2) trim this goat's hooves very regularly (like every other week) for that duration.
3) don't leave any side longer than the other; not the inside toe or the outside toe should be left longer (???)
4) and keep following the standard trimming practices; trimmed hooves close to parallel to the hairline, trimmed hooves flat and smooth to each other (as much as possible in this case), don't trim too deeply and get into the pink and blood veins, etc.

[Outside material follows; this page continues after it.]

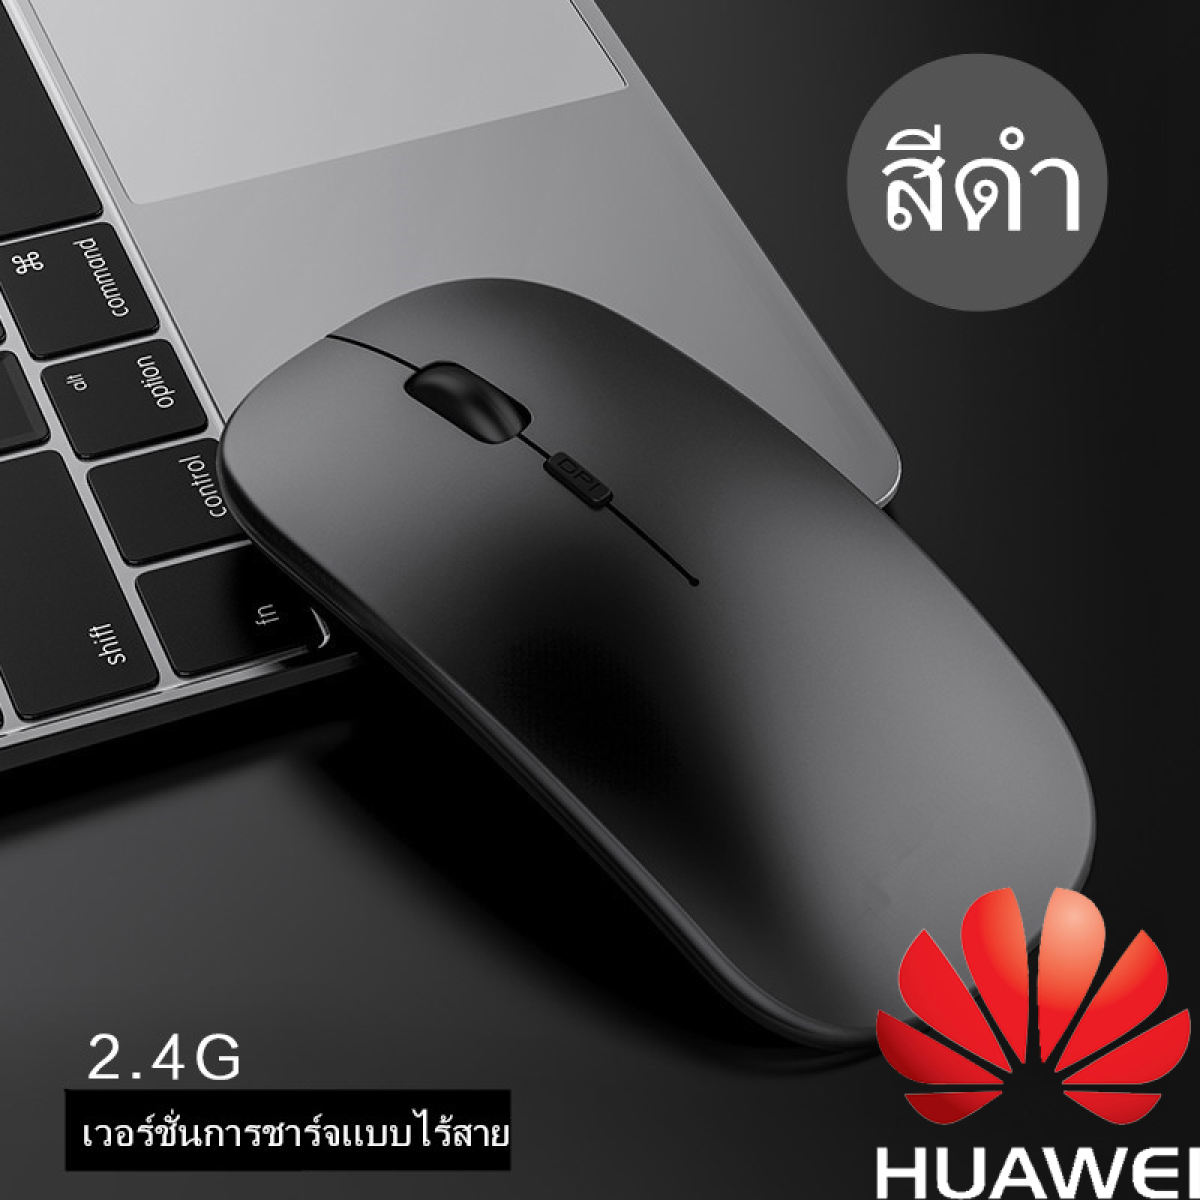 Huawei เมาส์ไร้เสียงไร้สาย เมาส์เชื่อมบลูทูธ ชาร์จแบตได้ เมาส์บลูทูธ เม้าส์ชาร์จไฟได้ ไม่ต้องใส่ถ่าน เมาส์ไร้สายไร้เสียงErgonomic Optical Usb Computer Mouse Without Battery For Apple Mac PC

I could use some more clarification and advice. Thanks!!


----------



## Rex (Nov 30, 2008)

You should never leave one toe longer than the other. Sometimes you may need to trim "one side" of the toe longer for corrective trimming. As in, the foot turns out or in too much. But we are talking about both toes being done the same way.

Generally a goat rolls off the side of the foot because the heel is too long. Trim both toes as close to the pink as you can and trim them both the same height. Work hard to get the bottom parallel with the hairline and you should be able to straighten it out in a couple of trimmings.


----------



## wyowinds (Dec 31, 2009)

Thanks to sanhestar and Rex !!!
Your advice has been very helpful. I will be trimming this weekend and will definitely be using your advice.
Great forum... Thanks!


----------



## Saltlick (Jun 12, 2011)

Nice to have all this advice, my 3 1/2 yr old I bought about a month ago has the same problem on his hind feet. The person I bought him from hadn't trimmed his feet in some time, they were very long and crooked. He trimmed them the day I took him home, but they are still rolling. It concerns me. I'll keep trimming them and hope for the best.


----------



## ryorkies (May 4, 2010)

http://www.packgoatforum.com/viewtopic.php?f=23&t=1205
Here is the link to that wonderful discription on trimming
problem feet.


----------



## Saltlick (Jun 12, 2011)

Thanks, this is great! I'm going to have to look at his feet again carefully and give it a try.


----------